YOUR GOAL :: Output all of the data below without changing a word, and exclude the pictures.

MATERIAL PROVIDED ::
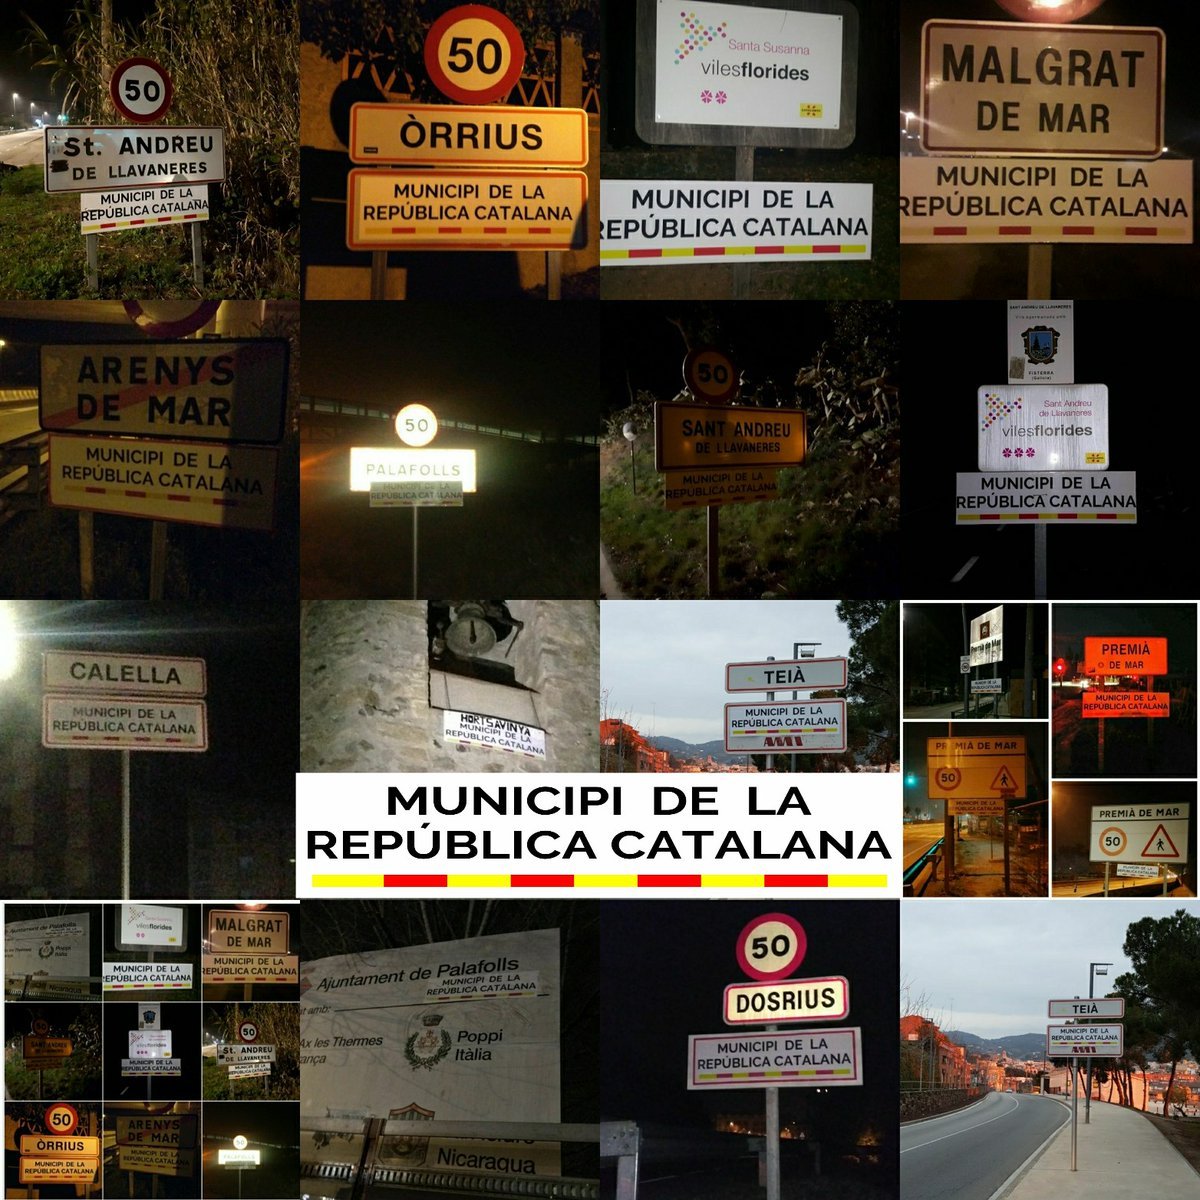 Retiran el cartel de "Municipio de la República" de Calella
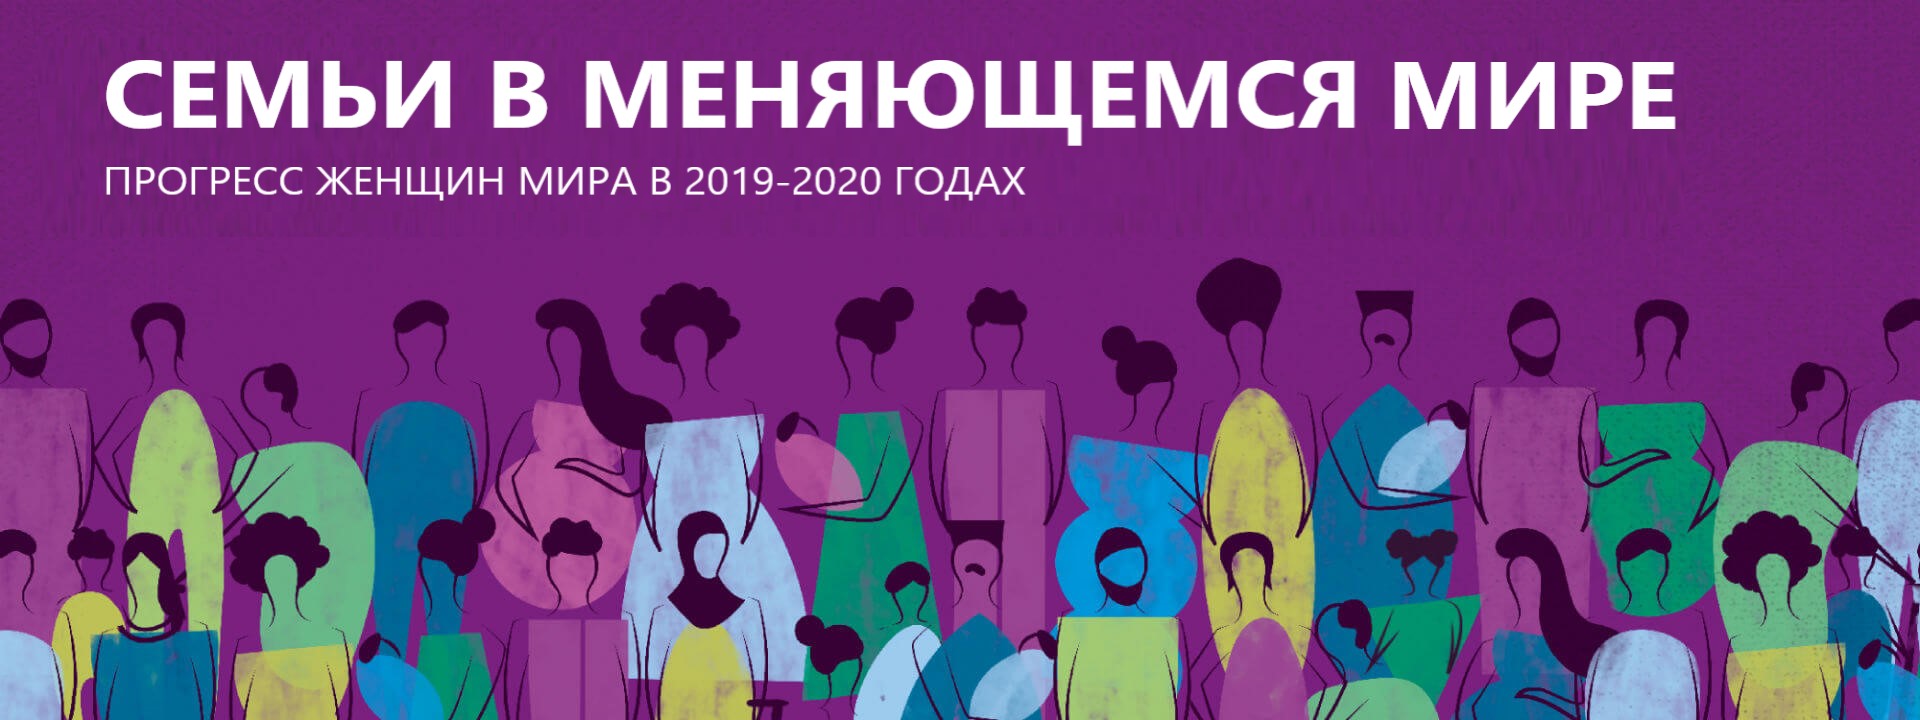 Progress-of-the-Worlds-Women-2019-banner RUS
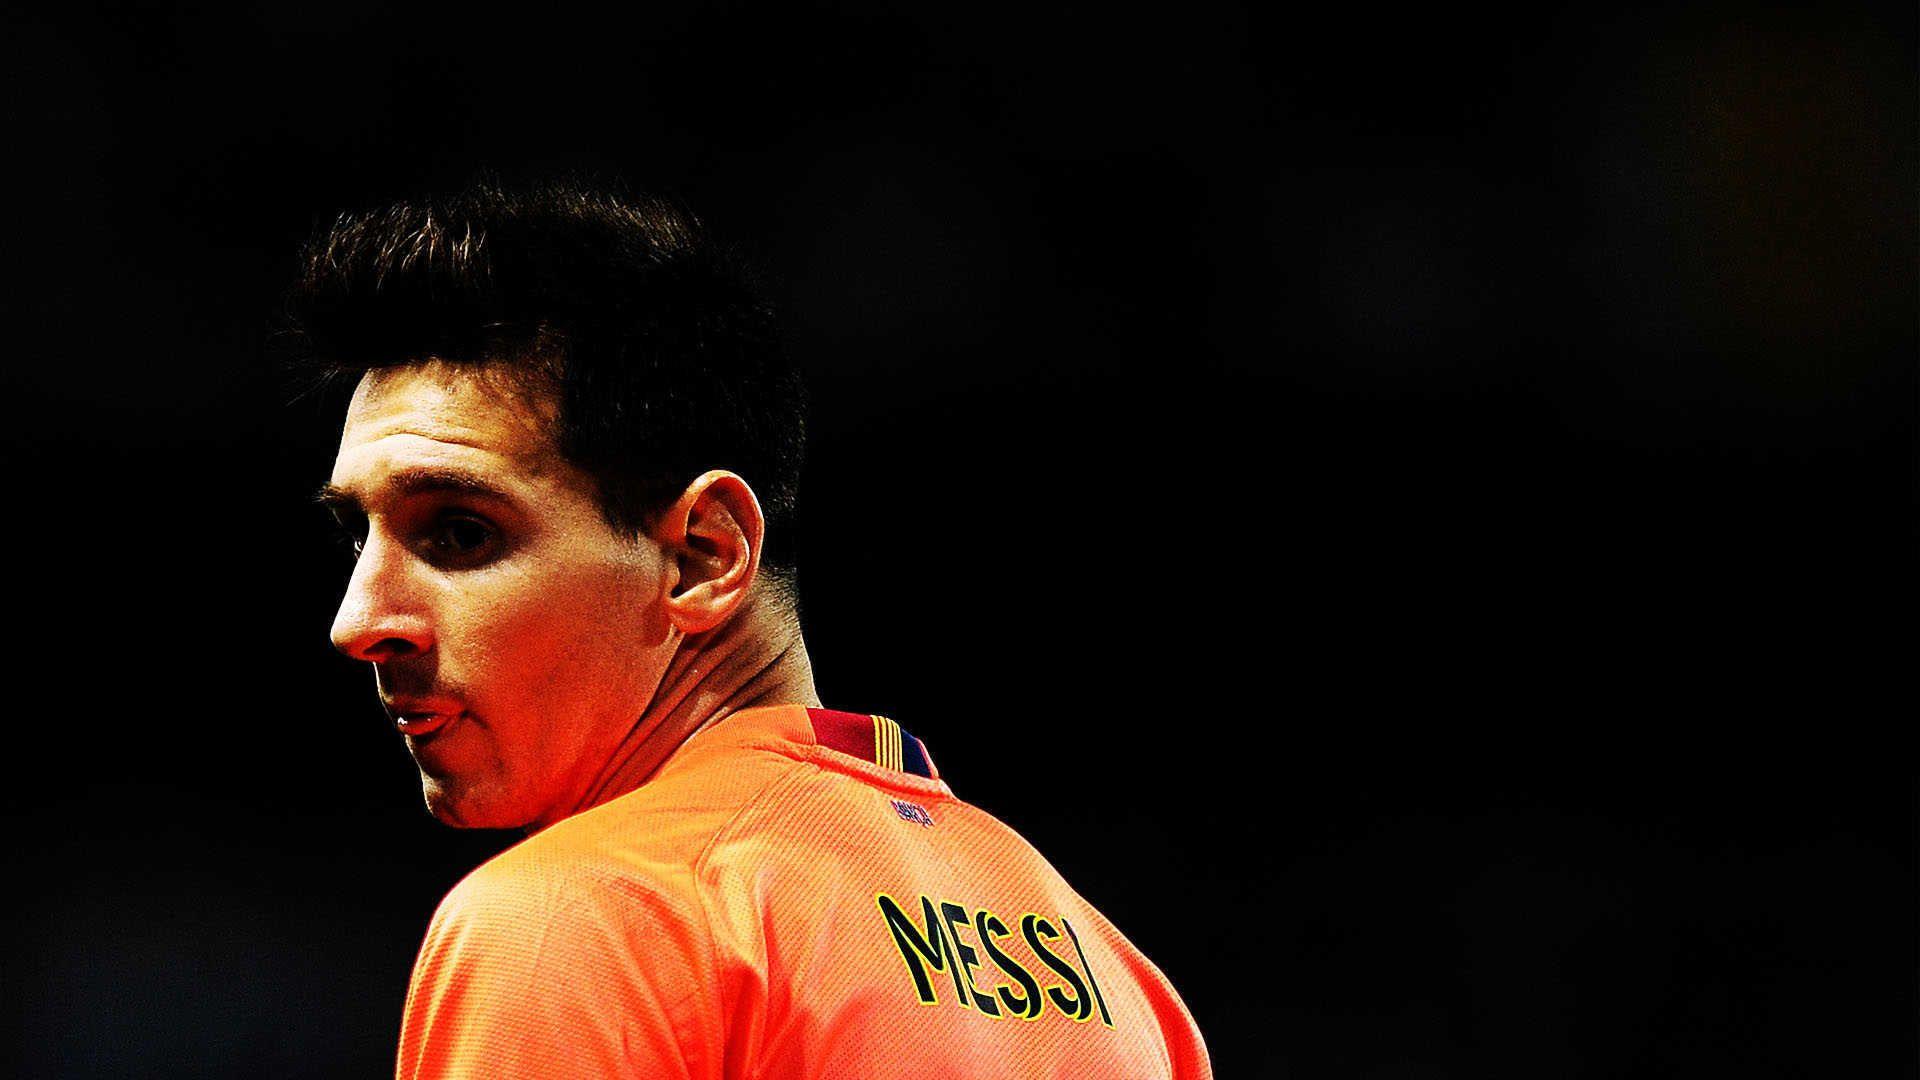 Lionel Messi HD wallpaper free download. HD Wallpaper

RESULT OF THE TASK ::
 Retiran el cartel de "Municipio de la República" de Calella
 Progress-of-the-Worlds-Women-2019-banner RUS
 Lionel Messi HD wallpaper free download. HD Wallpaper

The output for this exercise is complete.